Experience: Two years ago, when I was 73, I began taking 2000 mg a day of taurine. Two days later, waking up was like waking up to a whole new reality. For some time, I had been forced to enter the first three digits of a six-digit security code and then look at the second half again. That problem was gone. Two weeks after that, I needed a 15-digit part number, read it twice, and still remembered it weeks later.
I also recovered cognitive abilities I had not been aware of losing. For some time, when faced with a minor difficulty in some minor chore, I had simply plodded on until it was done. Suddenly, I was automatically reaching for something nearby that would solve the problem–a paper, a bit of string, a spreading knife–whatever was handy and none of them used for their original purpose.
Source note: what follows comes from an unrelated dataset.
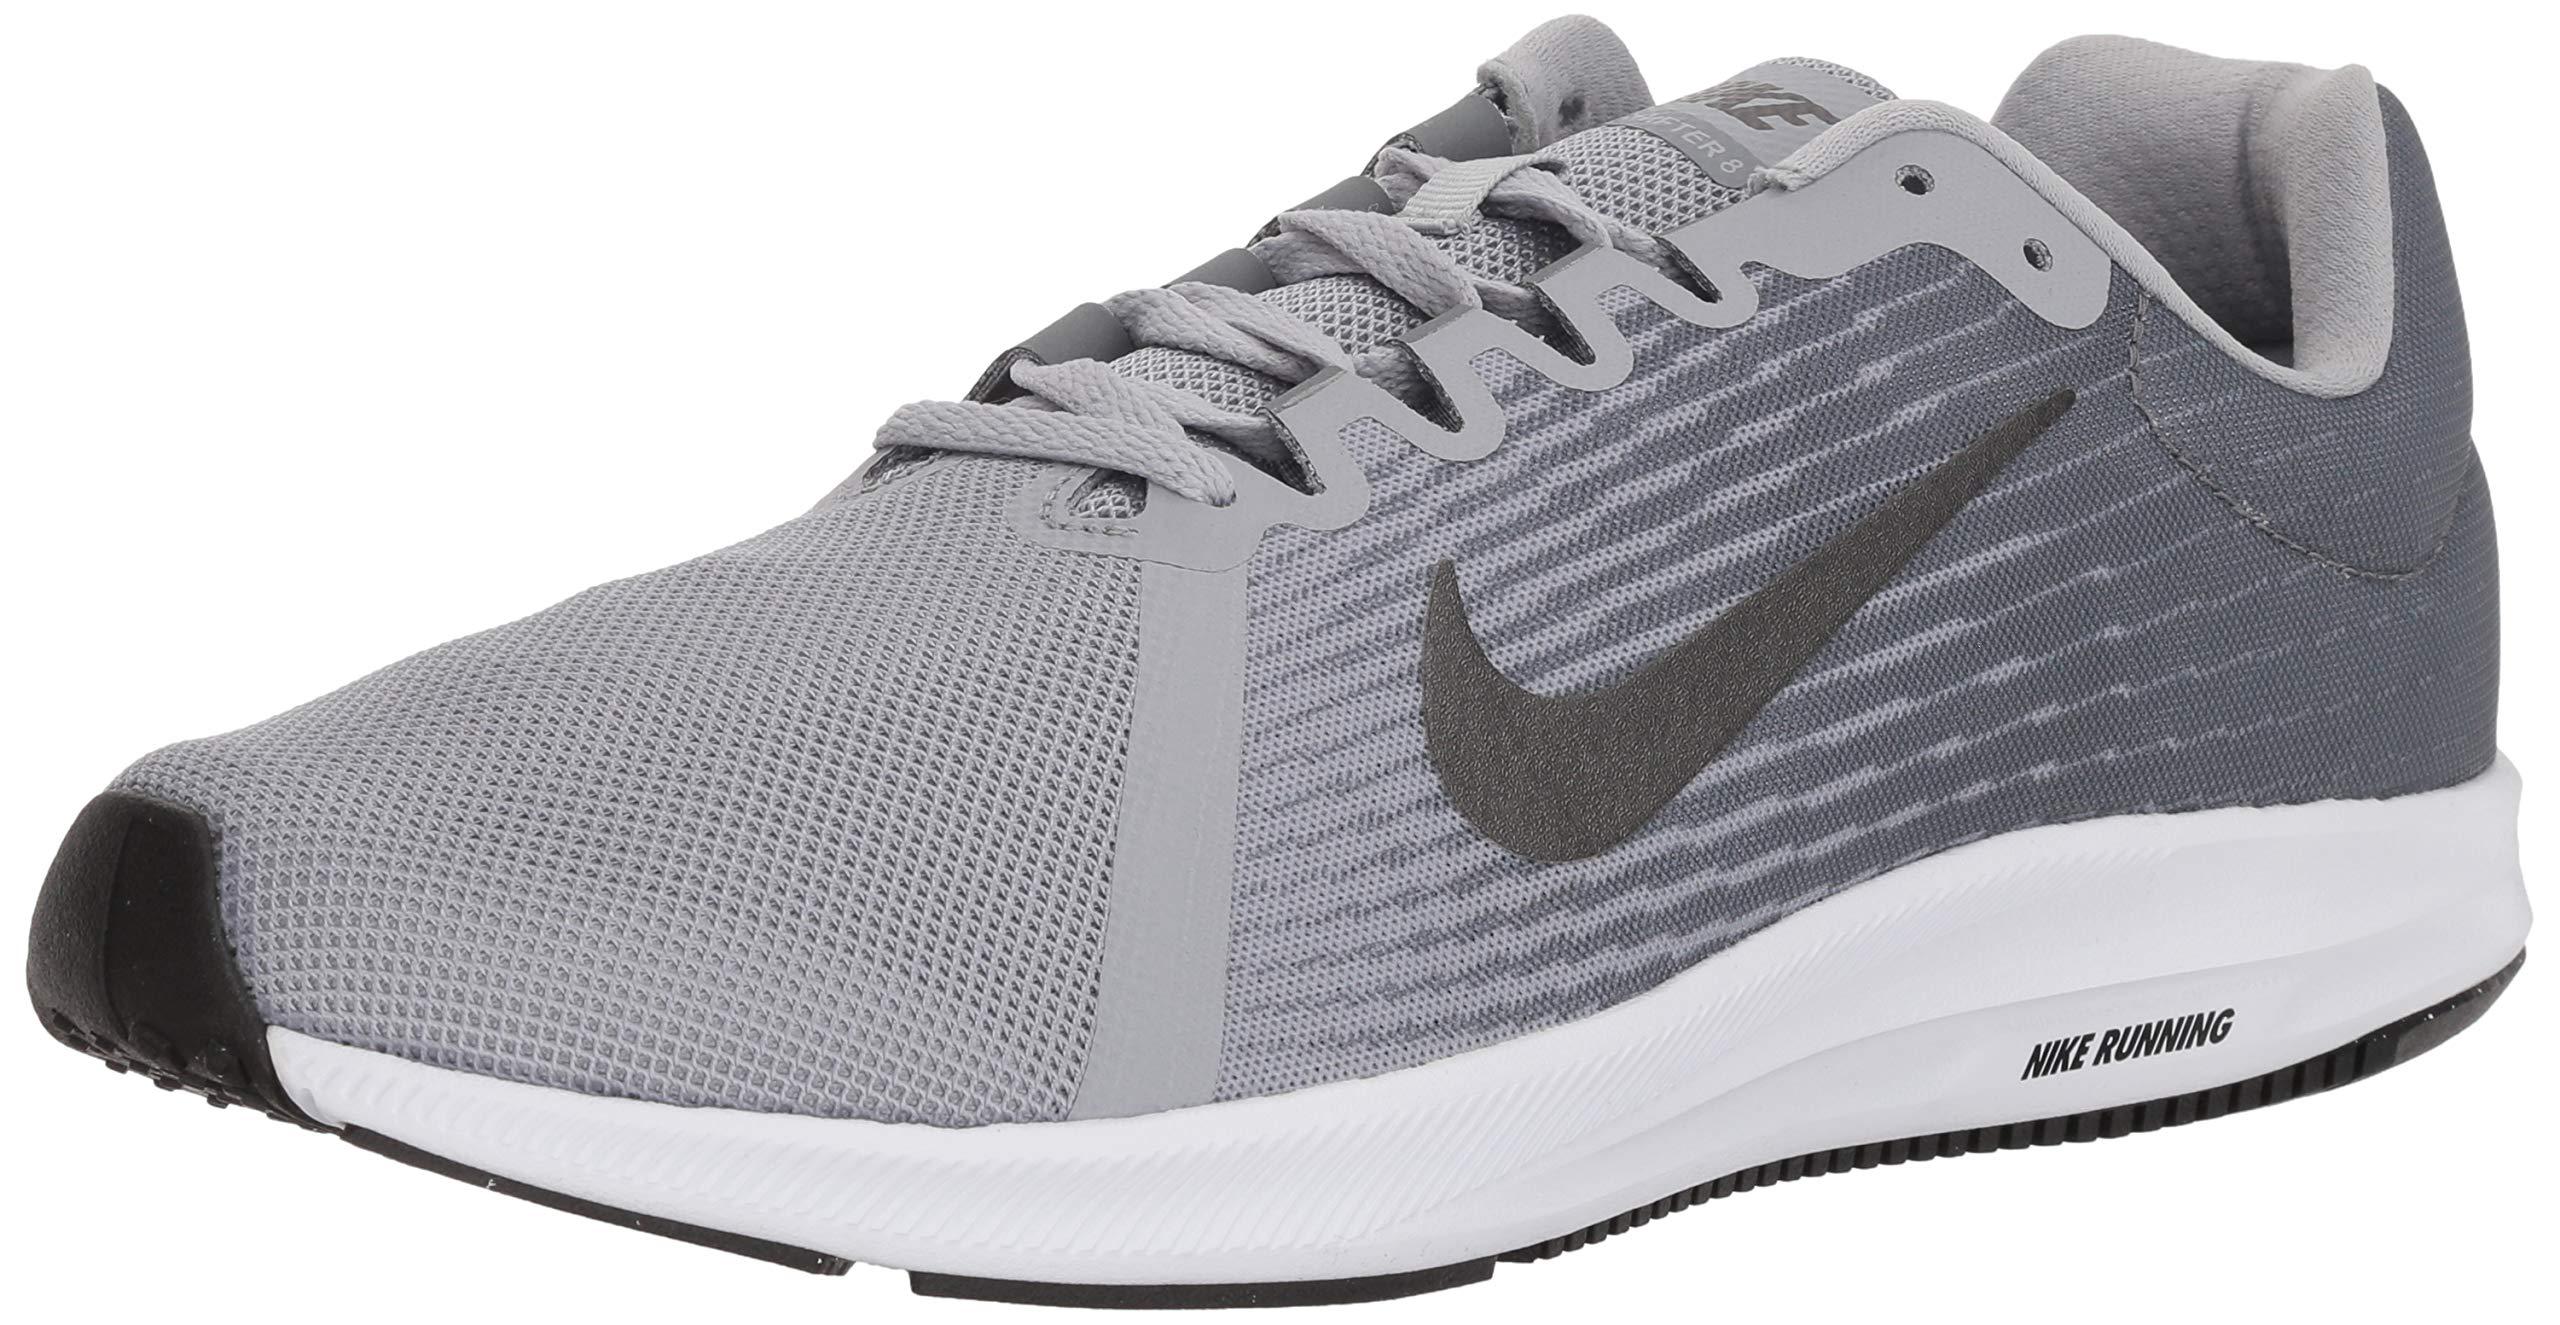 size 40 37615 d5e58 Galleon - Nike Men s Downshifter 8 Running Shoe, Wolf Metallic Dark Cool  Grey, 9 Regular US

Owing to that research on lifespan a year or so ago, I now take 5500 mg per day at 160 lb weight. That is how the standard animal-to-human conversion came out. Adjust as required.
Below is a new review on composition of drinking water and incidence of cognitive decline in the elderly. Alkaline water and silica may be protective. Silica may also reduce absorption of aluminum. Perhaps avoid acidic beverages like soda in favor of alkaline teas.
Both alkaline water and organic silicon may have general anti-aging benefits per animal studies as well. I take an orthosilicic acid supplement in my daily collagen drink. Promotes collagen synthesis, improves nail quality.
I work with Alzheimer’s patients, am one of the authors on the Precision Medicine Trial published 8/22. The biggest contributors to AD for ApoE3/3 women are insulin resistance and failure to replace hormones (bio-identically) @ menopause. Toxins also play a role, especially mold and Lyme. Lab Corp now has an even better test, ATN panel with measurements of amyloid beta, pTau, and Neuofilaments.